債権の目的である給付の中に履行不能となった給付がある場合には原則として債権はその残存する給付に限定されません。例外的に選択権を有する者の過失により給付が不能になった場合には債権はその残存する給付に限定されます。債権者、債務者以外の第三者が選択権を有する場合も本条は適用されます。なお残存する給付が数個あるときはその数個の給付についての選択債権として存続します。

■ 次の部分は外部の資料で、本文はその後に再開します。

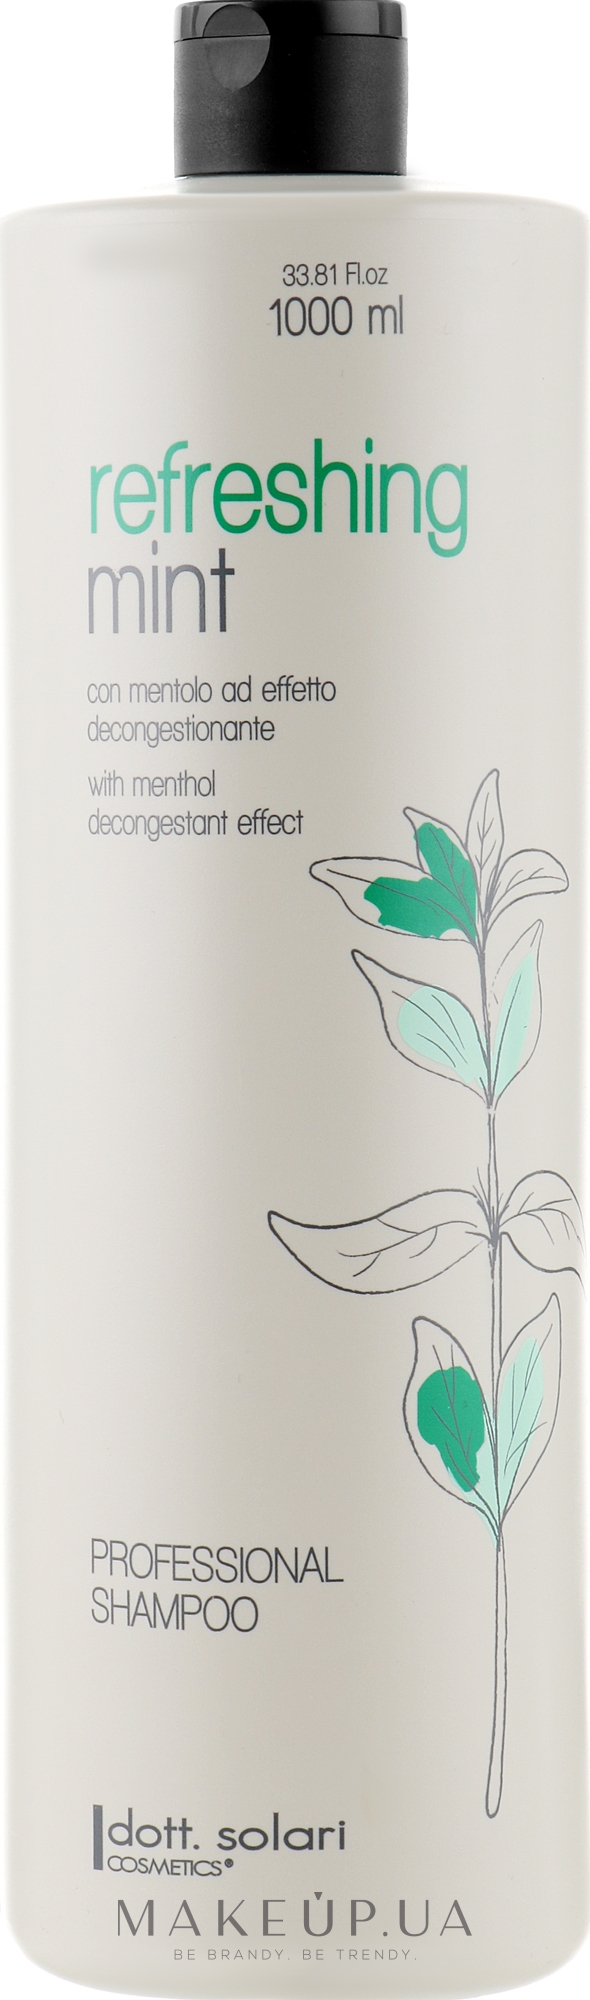 Професиональный шампунь со свежей мятой - Dott. Solari Refreshing Mint Shampoo — фото 1000ml

限定されない場合には選択権者は不能となった給付を選択することができます。選択権者が債権者であれば履行不能による契約解除をすることができ債務者に帰責事由があるときは履行不能による損害賠償を請求することができます。選択権者が債務者であれば履行不能となった給付を選択することができ債権者は履行不能による契約解除をすることができます。

選択の効力

411条は選択は債権の発生の時にさかのぼってその効力を生ずると定めています。ただし第三者の権利を害することはできません。選択された物が特定物ならそれが債権発生の時から給付の目的物であったことになります。第三者が選択前に選択されるべき物を買い受けた場合には選択権の遡及効による物権の移転と第三者の権利との優劣は対抗要件をどちらが先に備えたかにより決せられます。